In the pursuit of functional distributed directory services, OASIS Wednesday said it is working to
establish a better identification scheme that can be used across
domains, applications and transport protocols.
To complete this task, the OASIS Extensible Resource Identifier (XRI)
Technical Committee will define a Uniform Resource Identifer (URI), more commonly known as a URL, scheme and a corresponding Uniform Resource (URN) namespace, as well as basic
mechanisms for resolving XRIs and exchanging data and metadata associated
with XRI resources. Advanced Micro Devices, DataPower, EDS, Novell, Neustar,
NRI Pacific, OneName, Visa International and other individuals are
spearheading this task.
A fully federated XRI will address the problem of how to identify the same
logical resource stored in different physical locations. URIs uniquely
identify system resources as specifically attached to a system, such as a
Web Server or FTP server. XRI will allow for identifiers to be gauged by
both human and computers, and will provide for internationalization in the
same manner as XML.
Bill Washburn, president and managing director of the XNS Public Trust
Organization (XNSORG), which intends to contribute the Extensible Name
Service (XNS) specifications to seed the work of the OASIS committee,
explained the need for XRI definition.
“URIs are one of the three pillars of Web architecture, but most URI schemes
were developed before the era of XML and Web services,” Washburn said.
XRI examined
Jason Bloomberg, analyst for XML and Web services research firm ZapThink, told internetnews.com: “You can think of XRI as a system that provides ‘URLs for everything’ — data, systems, organizations, services, and people. Currently, we don’t
have a single, application and protocol-neutral way for identifying
these types of resources. What we do have are standards like LDAP, but
the XRI initiative goes one big step further and unifies the URL
namespaces we know and love from the Web with LDAP and other kinds of
directories, as well as other URI-based directory schemes like UDDI.”

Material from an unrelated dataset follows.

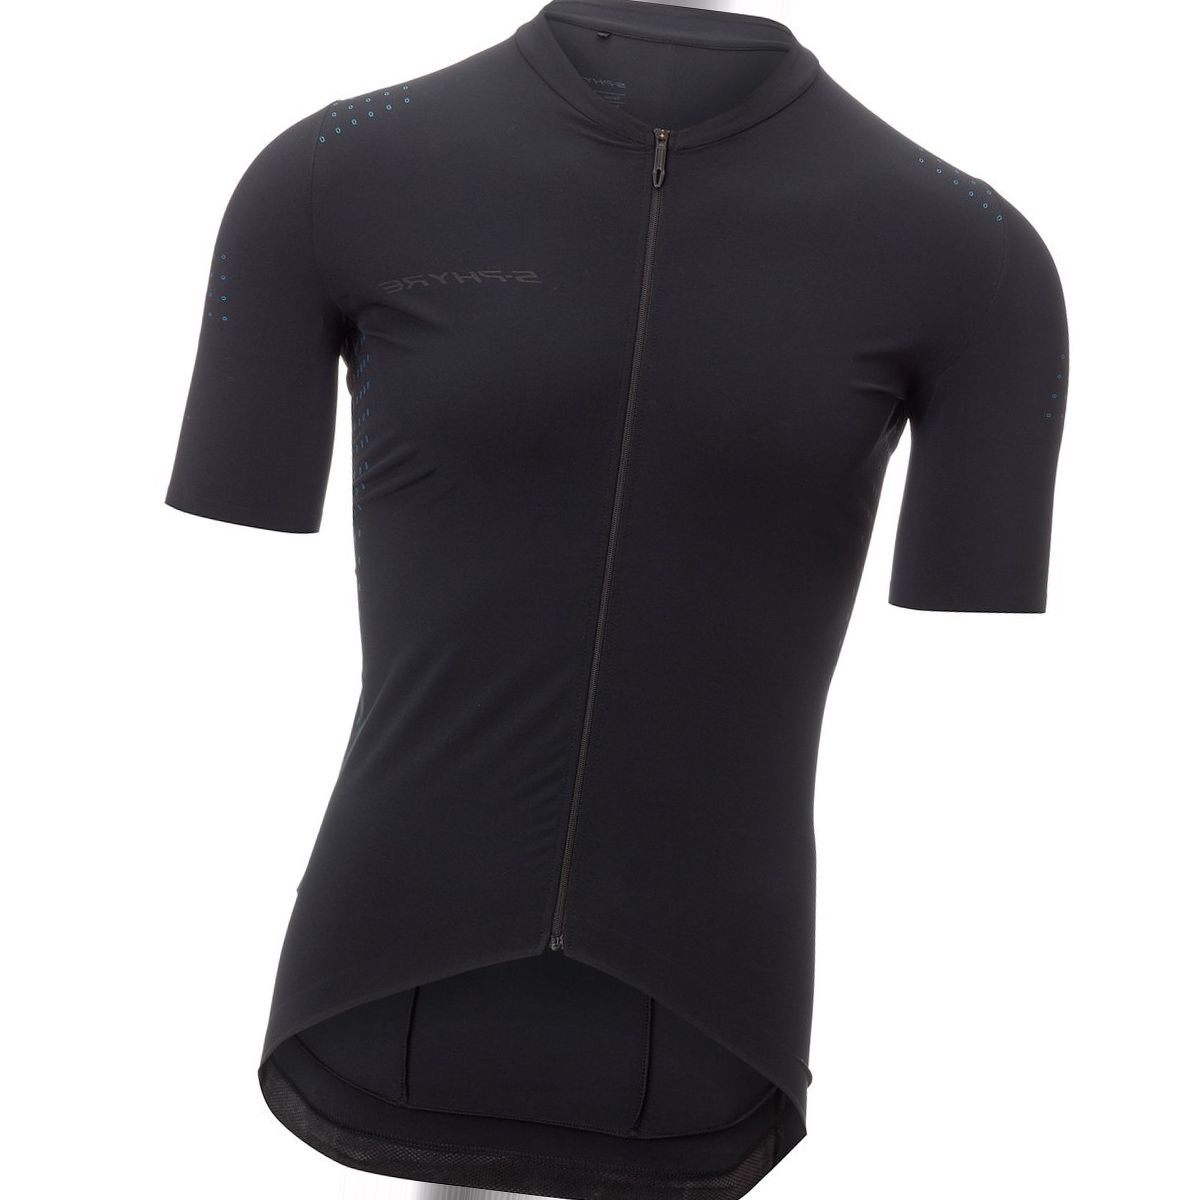 Shimano S-PHYRE Short-Sleeve Jersey - Men's

Fellow ZapThink analyst Ronald Schmelzer
discussed the tackling of XRI with internetnews.com.
“The XRI idea is a good one, although it really conflicts with many of the
initiatives for using URLs within the context of Web Services. For example,
much of the purpose of UDDI is to facilitate the dynamic discovery and
binding to services that themselves are defined at specific URLs. Thus, the
URLs represent a specific binding location and UDDI should be the way to
isolate us from having to know those URLs ahead of time — an automated
search engine, to overly simplify things. However, XRI claims that they will
be working within the concept of URIs and directory services, such as UDDI.
But, the challenge is to get their XRI naming mechanism adopted by those
that facilitate creation and deployment of Web Services.”
Schmelzer said XRI could face major adoption challenges because Web services
superpowers — Microsoft, IBM, and Sun — are not behind it yet.
“Sure, things would work better if the universe used XRIs to identify
location-independent services, but it will require widespread and consistent
implementation. URLs were accepted because they started in an environment
where people weren’t using an alternate technology for identifying linkable
resources. Tim Berners-Lee invented the URL (URI) out of necessity. XRIs now
are emerging in an environment where URLs are everywhere. They will need to
figure out how to either co-exist or supplant this widespread naming
mechanism. My thought is that they will need support of the WS-I as well as
the ‘heavyweights’ IBM, Microsoft, Sun, BEA, and others to make this happen.
If you look at the list of participants, I don’t see any. This might be an
example of a great technology concept with major adoption challenges.”